Print
See related documents
Resolution 2191 (2017)
Promoting the human rights of and eliminating discrimination against intersex people
1. Intersex people are born with biological
sex characteristics that do not fit societal norms or medical definitions
of what makes a person male or female. Sometimes a person’s intersex
status is detected at birth; sometimes it only becomes apparent
later in life, notably during puberty. Despite the wide variety
of situations concerned, the majority of intersex people are physically
healthy. Only a few suffer from medical conditions that put their
health at risk. Yet the situation of intersex people has for a long
time been treated as an essentially medical issue. The prevailing
medical view has been that intersex children’s bodies can and should
be made to conform to either a male or a female paradigm, often
through surgical and/or hormonal intervention; that this should
be done as early as possible; and that the children should then
be raised in the gender corresponding to the sex assigned to their
body.
2. The Parliamentary Assembly considers that this approach involves
serious breaches of physical integrity, in many cases concerning
very young children or infants who are unable to give consent and
whose gender identity is unknown.

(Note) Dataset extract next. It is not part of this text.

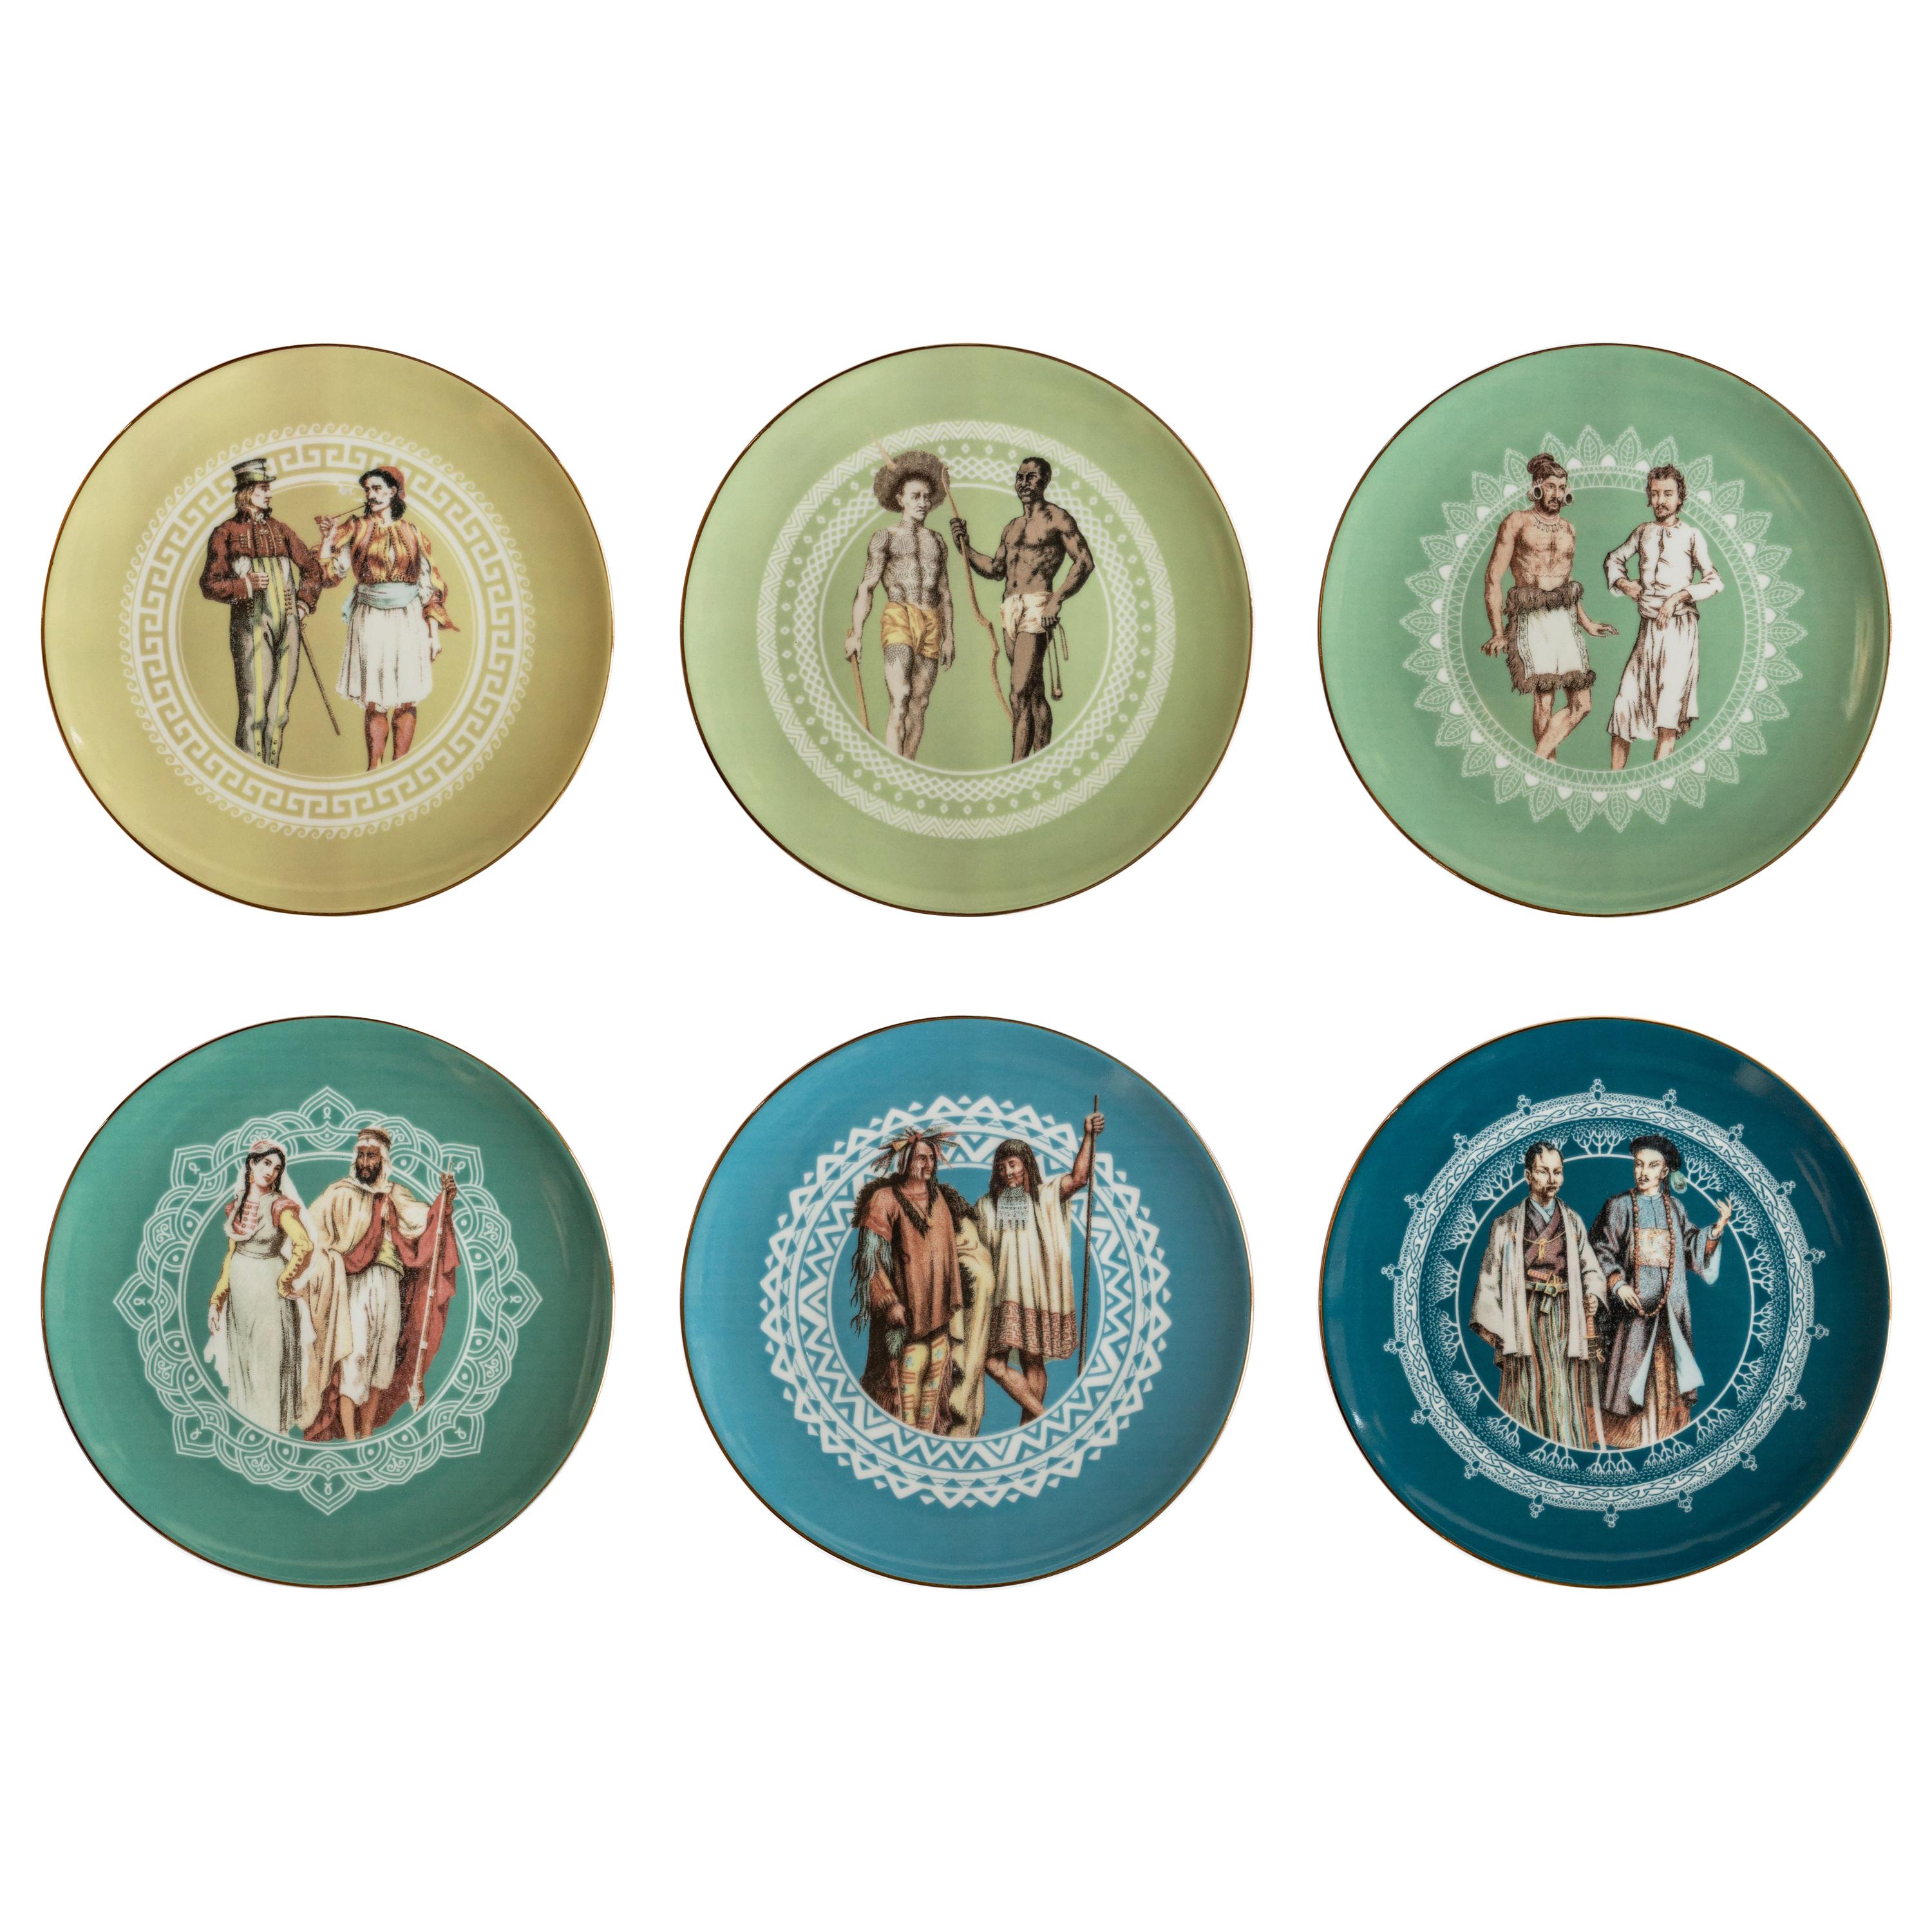 Human Being, Six Contemporary Porcelain Dessert Plates with Decorative Design

This is done despite the fact
that there is no evidence to support the long-term success of such
treatments, no immediate danger to health and no genuine therapeutic
purpose for the treatment, which is intended to avoid or minimise
(perceived) social problems rather than medical ones. It is often
followed by lifelong hormonal treatments and medical complications,
compounded by shame and secrecy.
3. Parents are often under pressure to make urgent, life-changing
decisions on behalf of their child, without having a full and genuine
understanding of the long-term consequences for the child of the
decisions made about their body during their infancy and early childhood.
4. Understanding of these issues is gradually increasing, but
concerted efforts are still needed to raise public awareness as
to the situation and rights of intersex people so as to ensure that
they are fully accepted in society, without stigmatisation or discrimination.
5. The Assembly emphasises that it is crucial to ensure that
the law does not create or perpetuate barriers to equality for intersex
people. This includes ensuring that intersex people who do not identify
as male or female have access to legal recognition of their gender
identity, and that where their gender has not been correctly recorded
at birth, the procedure for rectifying this is simple and based
on self-identification only, as set out in Assembly Resolution 2048 (2015) on
discrimination against transgender people in Europe. Anti-discrimination laws
may also need to be amended to ensure that the situation of intersex
people is effectively covered.
6. The Assembly considers that the above may raise important
issues under a number of provisions of the European Convention on
Human Rights (ETS No. 5), notably Articles 3 and 8.
7. In the light of the above, and bearing in mind the provisions
of the Convention for the Protection of Human Rights and Dignity
of the Human Being with regard to the Application of Biology and
Medicine: Convention on Human Rights and Biomedicine (ETS No. 164,
“Oviedo Convention”) and the relevant recommendations made in its Resolution 1952 (2013) on
children’s right to physical integrity, as well as those by the
Council of Europe Commissioner for Human Rights and numerous treaty
bodies of the United Nations, the Assembly calls on Council of Europe
member States to:
7.1. with regard
to effectively protecting children’s right to physical integrity
and bodily autonomy and to empowering intersex people as regards
these rights:
7.1.1. prohibit medically unnecessary sex-“normalising”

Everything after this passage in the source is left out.